You must have X-ray vision to be able to see through that soil just from pictures. I'll admit that I do work at improving it all the time....and it pays dividends.


----------



## Rubberback (Sep 9, 2008)

Meadowlark said:


> Thanks PW...but I got you on age. Life is sweet and gets sweeter every year.
> 
> You must have X-ray vision to be able to see through that soil just from pictures. I'll admit that I do work at improving it all the time....and it pays dividends.

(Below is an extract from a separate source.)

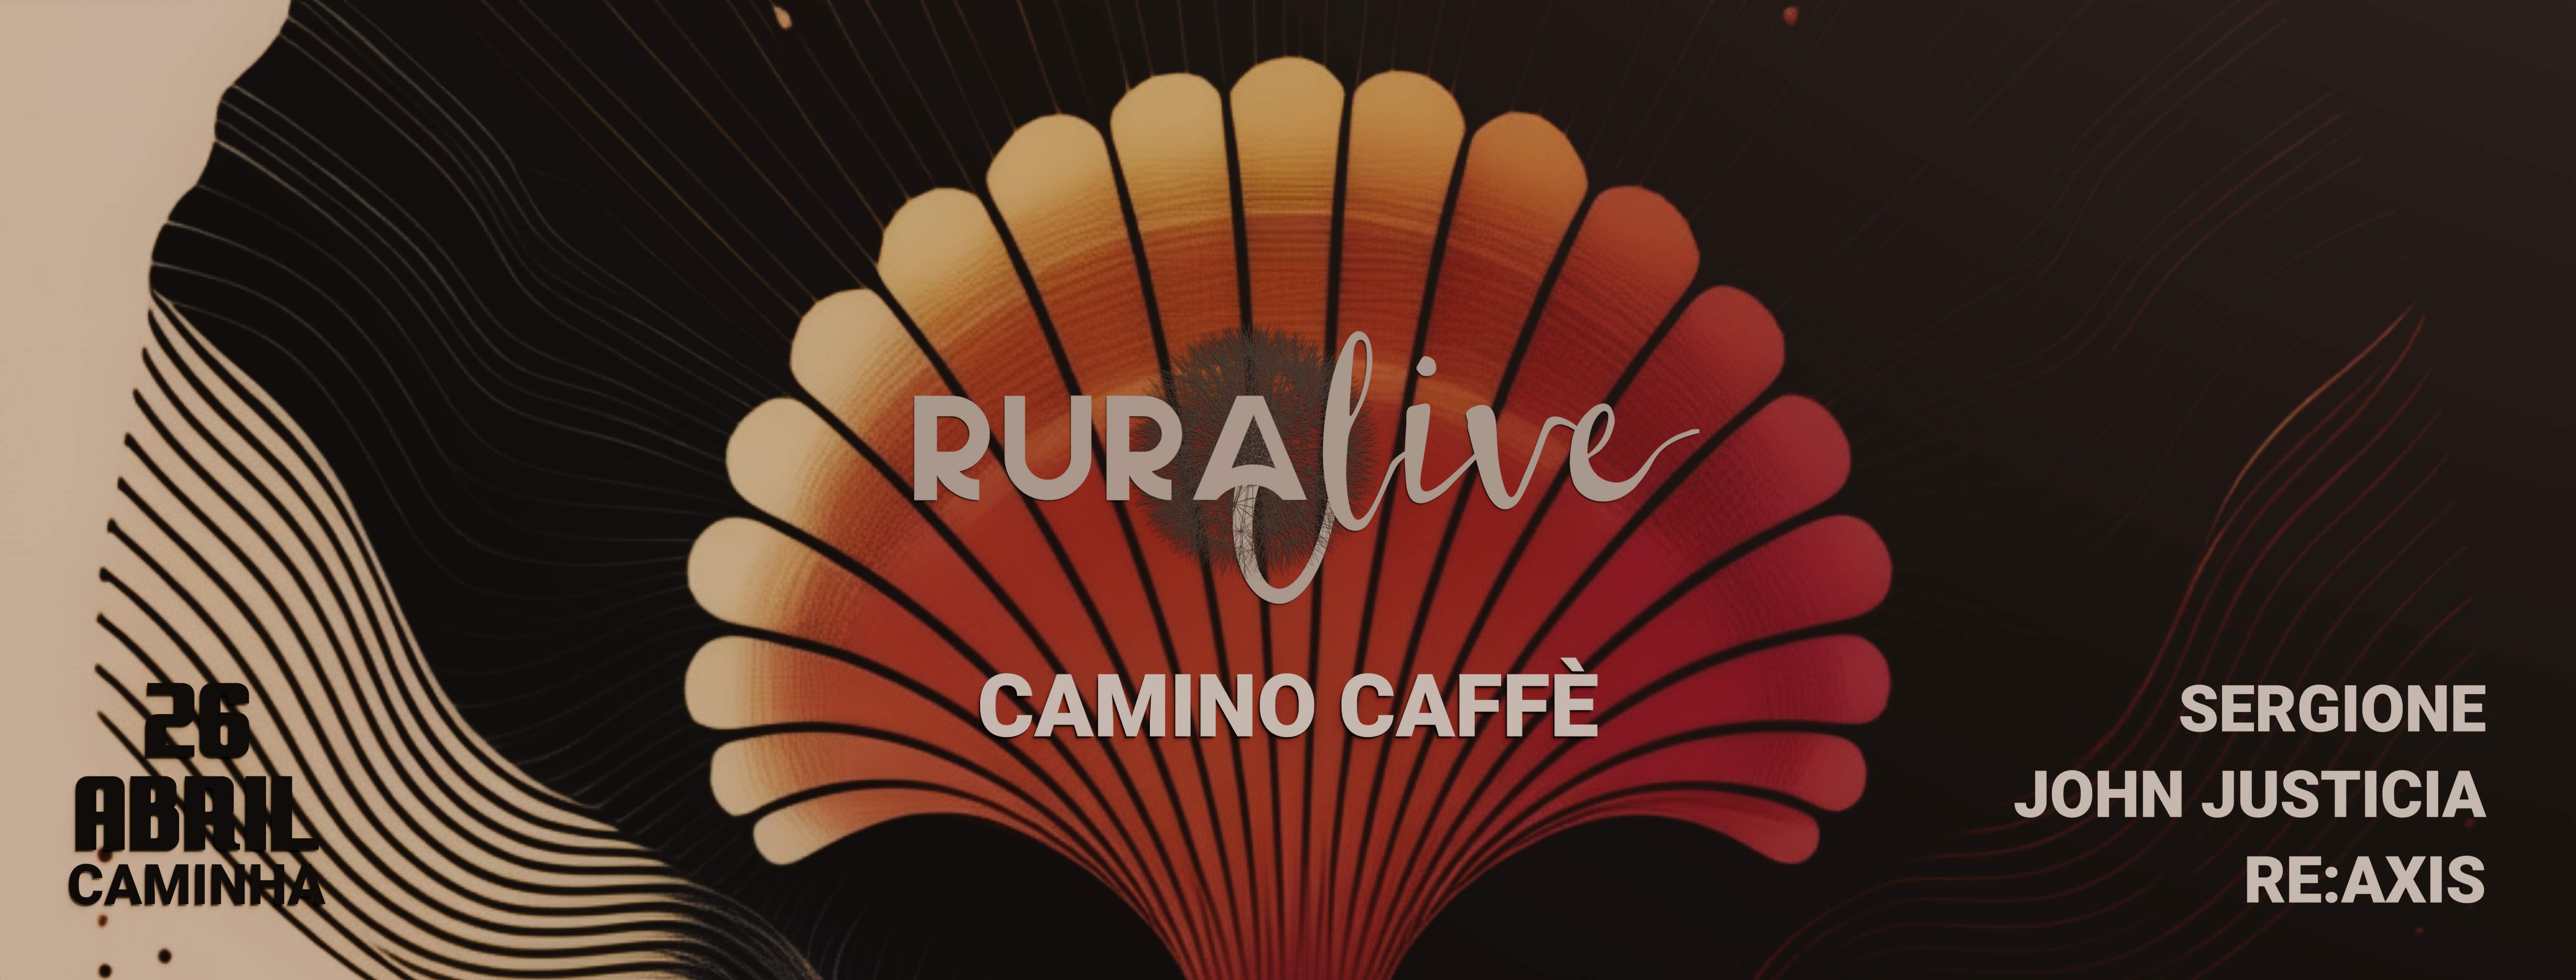 Ruralive - Camino Caffè - 1st edition - フライヤー裏

You can't beat bird poop. However, I like bat guama too. Merry Christmas again & If I'm not mistaken Happy Birthday on the First plus Happy New Year as well. You old fart.LOL!


----------



## Mikeyhunts (Jun 4, 2007)

Merry Christmas to all of you. I have learned a lot from all of you over the last two years since I planted my first garden. Its now my main day to day hobby.
My seasonal garden just keeps getting better and better. Ill take some pics today. I want some advice on the worlds biggest artichoke. Pull it , or leave it?


----------



## Dick Hanks (Aug 16, 2007)

Merry Christmas to all of you as well. It is so nice to see the "Green" in those pictures this time of year. The only things that are green up here are the pine trees and some of the deer droppings.

I'm really looking forward to being back in Texas in a couple of weeks.

May all of you get your rain when you need it, your plants be lush and bear heavily. 

Keep your hands dirty!


----------



## peckerwood (Jun 9, 2012)

I like pine trees and deer poop! Head this way DH,we'll be waiting for you.


----------



## Meadowlark (Jul 19, 2008)

Mikeyhunts said:


> Merry Christmas to all of you. I have learned a lot from all of you over the last two years since I planted my first garden. Its now my main day to day hobby.
> My seasonal garden just keeps getting better and better. Ill take some pics today. I want some advice on the worlds biggest artichoke. Pull it , or leave it?


 LEAVE IT, Mikeyhunts. Its a perennial here in our part of the world.

Last cold snap I covered mine with hay and it did just fine . Temps hit about 29 deg.

Looking forward to seeing your pictures of them.


----------